Analyses of the LTRs and reverse transcriptases from the fourteen MpSaci elements displaying organization similar to the gypsy/Ty3 group. a Sequence analysis of the first and last five bases in the 5′ and 3′ LTRs. Black circles before the name of the element represent elements possessing similar inverted repeats. b Relationship among the LTRs from the fourteen MpSaci elements. c Phylogenetic tree presenting the relationship among the reverse transcriptase domains from MpSaci1, MpSaci6, MpSaci9, MpSaci12 and MpSaci15 as well as other fungal retrotransposons and representatives of the Metaviridae (genus Metavirus, Errantivirus and Semotivirus) and Pseudoviridae families. The arrowhead indicates the second reverse transcriptase sequence found in MpSaci15 that belongs to the Ty1/copia group of retroelements. The numbers in each branch indicate the bootstrap based on 1,000 replicates. The trees were constructed using the neighbor-joining method (Saitou and Nei 1987)

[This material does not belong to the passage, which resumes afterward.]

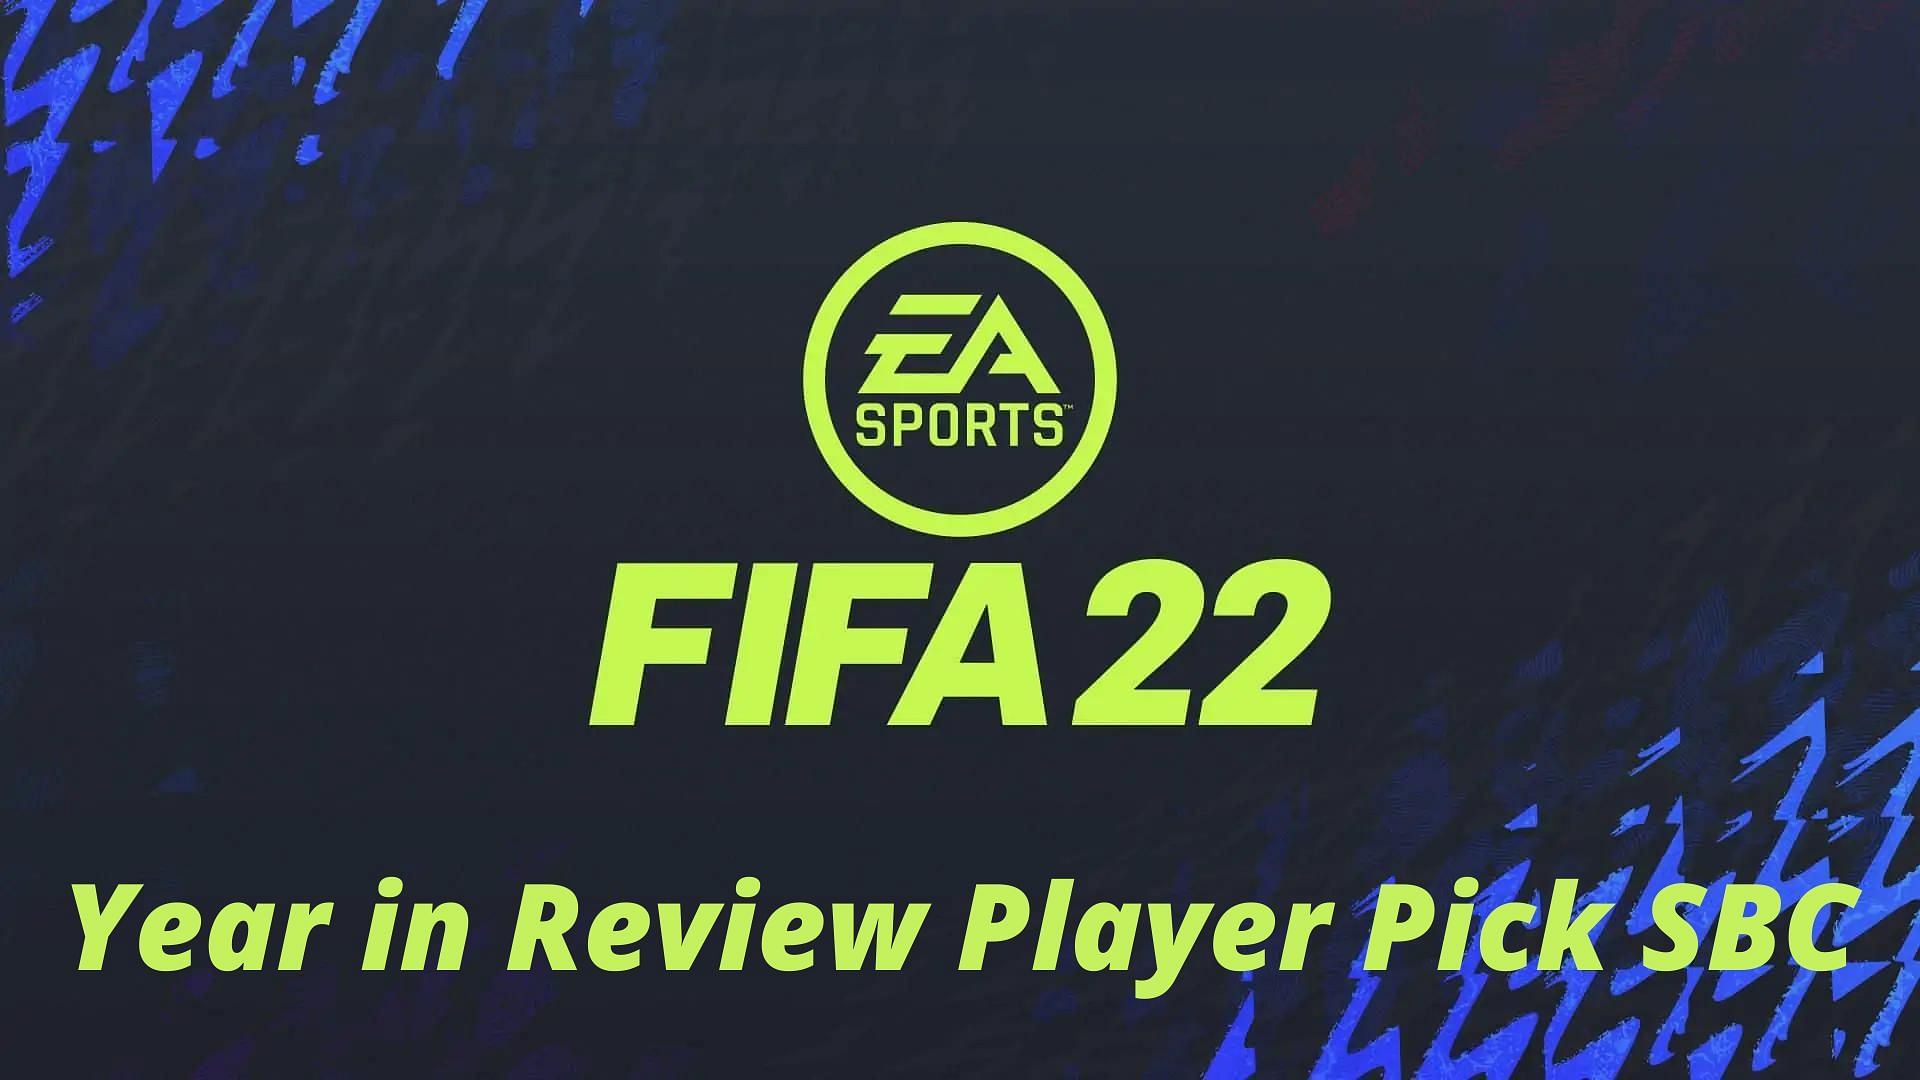 FIFA 22 has got a unique SBC (Image via EA Sports)

Intact ORFs coding for GAG (MpSaci4, MpSaci6, MpSaci9, MpSaci11, MpSaci13 and MpSaci14) and POL (MpSaci1, MpSaci6, MpSaci9, MpSaci12 and MpSaci15) proteins were detected. MpSaci6 and MpSaci9 are the only elements that code for both intact proteins. High sequence similarity among the GAG and POL proteins encoded by MpSaci elements and transposons from other filamentous fungi were detected. Conserved domains were identified in all of the elements. However, the region surrounding the GAG zinc finger in MpSaci6 displayed reduced similarity. In addition, the glutamic acid from the integrase DDE motif in the POL protein from MpSaci1 was changed to a lysine, likely resulting in a non-functional protein (Supplementary Fig. 2). Thus, MpSaci6 and MpSaci9 are the only elements that encode all of the domains typically required for transposition.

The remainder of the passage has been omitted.